Читаем Распечатки прослушек интимных переговоров и перлюстрации личной переписки. Том 1 полностью

– Кирка – это садово-огородный инструмент! – обрадовалась Елена, что Крутаков хоть как-то на нее отреагировал. – Кирха – это же от немецкого! Говорить «Кирка» – это так же глупо, как вместо Хайдельберга произносить «Гейдельберг».

– Значит, кирррка от голландского… – отрезал Крутаков и быстро-быстро, целеустремленно намотав на левый мизинец черный локон, принялся правой рукой что-то вписывать уже над самой верхней строкой – создавая из обрисованного линией текста неровное облако.

Елена обиженно хлюпнула носом, оглянулась на входную дверь – как на поджидающую ее западню – потом опять сделала шаг внутрь комнаты, обрадовавшись, что нашла предлог Крутакова разговорить – и очень правдоподобно выпалила:

– Женечка, короче, я побежала… Я только не знаю как дверь захлопывать – вот ты будешь смеяться надо мной – каждый раз там эта кнопочка не срабатывает!

Будучи уверена, что Крутаков сейчас отцепит зад от стула, и проводит ее как минимум до двери, Елена выждала молча – с минуту.

– Ага… – сказал Крутаков, наконец, спиной. И взялся за новую страницу, начав быстро-быстро строчить.

В костел, на мессу, она шла уже второй раз – благо от Юлиного дома было всего ничего пешком. В первый раз, неделю назад, на мессе было красиво и людно – и месса шла на латыни. И хотя музыкально, эстетически все это торжество Елена переживала внутренне как какое-то важнейшее событие – а все равно, хотя и удивительно ладно было сидеть на банкетке и молиться, рядом с серьезными, красиво одетыми людьми, в основном иностранцами – и со всеми вместе вставать (в непонятные, вероятно – величественные моменты), было такое ощущение, как будто ее разделяет со всем этим действом какая-то пелена. И дело было, как Елена явственно чувствовала, не в иностранном языке. Без какого-либо отношения к внешним и внутренним, уютным, стенам храма – как ей чувствовалось – была какая-то еще внутренняя комната – с плотными, невидимыми стенами – комната, в которой все присутствующие – кроме нее самой – находились – хотя и сидели с ней радом, на таких же банкетках. И как в это внутренне незримое помещение войти – она не знала. Поджуживая Крутакова, Елена втайне надеялась, что если Крутаков пойдет с нею на мессу – то каким-то золотым ключиком внутреннюю таинственную комнату эту для нее распахнет.

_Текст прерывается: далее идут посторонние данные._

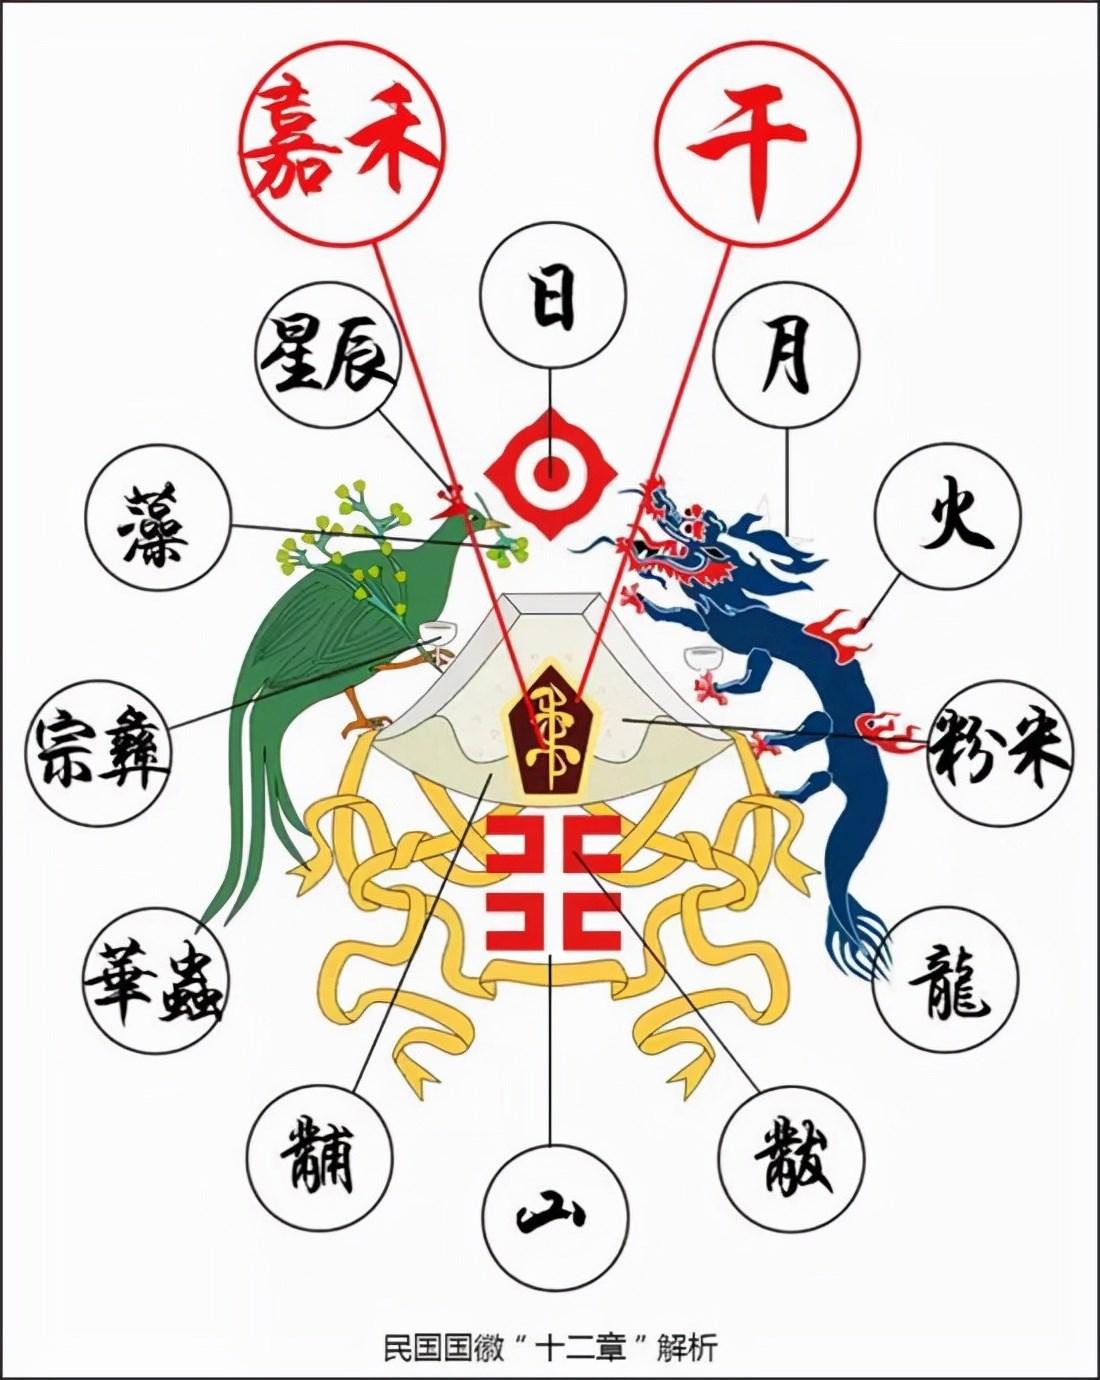 鲁迅设计了中国的第一个国徽,十二章国徽确实挺好看

На бульваре, идя в ногу с чуть припрыгиваюшими за ней в горку с обеих сторон дорожки молодыми, чересчур коротконогими еще, чтобы ее перегнать, черенками кленов, глубоко дыша, Елена пыталась войти в ритм блаженного медлительного одиночного плавания – которое было жанром, конечно же, совсем иным – чем до обиды ярко уже представлявшийся и сорвавшийся поход с Крутаковым. Уже приготовившись, как обычно, прогуляться ладонями по крышам крошечных старинных особнячков, и расфокусируя для этого внимание надлежащим образом – перенося центр тяжести взгляда прочь, с земных объектов – вверх, взмывая по особым, специально для этих разгонок изготовленным, трамвайным рельсам водосточных труб – Елена вдруг в один из (казалось бы, уже удачно стертых) движущихся по бульвару земных объектов до оскорбительности осязаемо врезалась.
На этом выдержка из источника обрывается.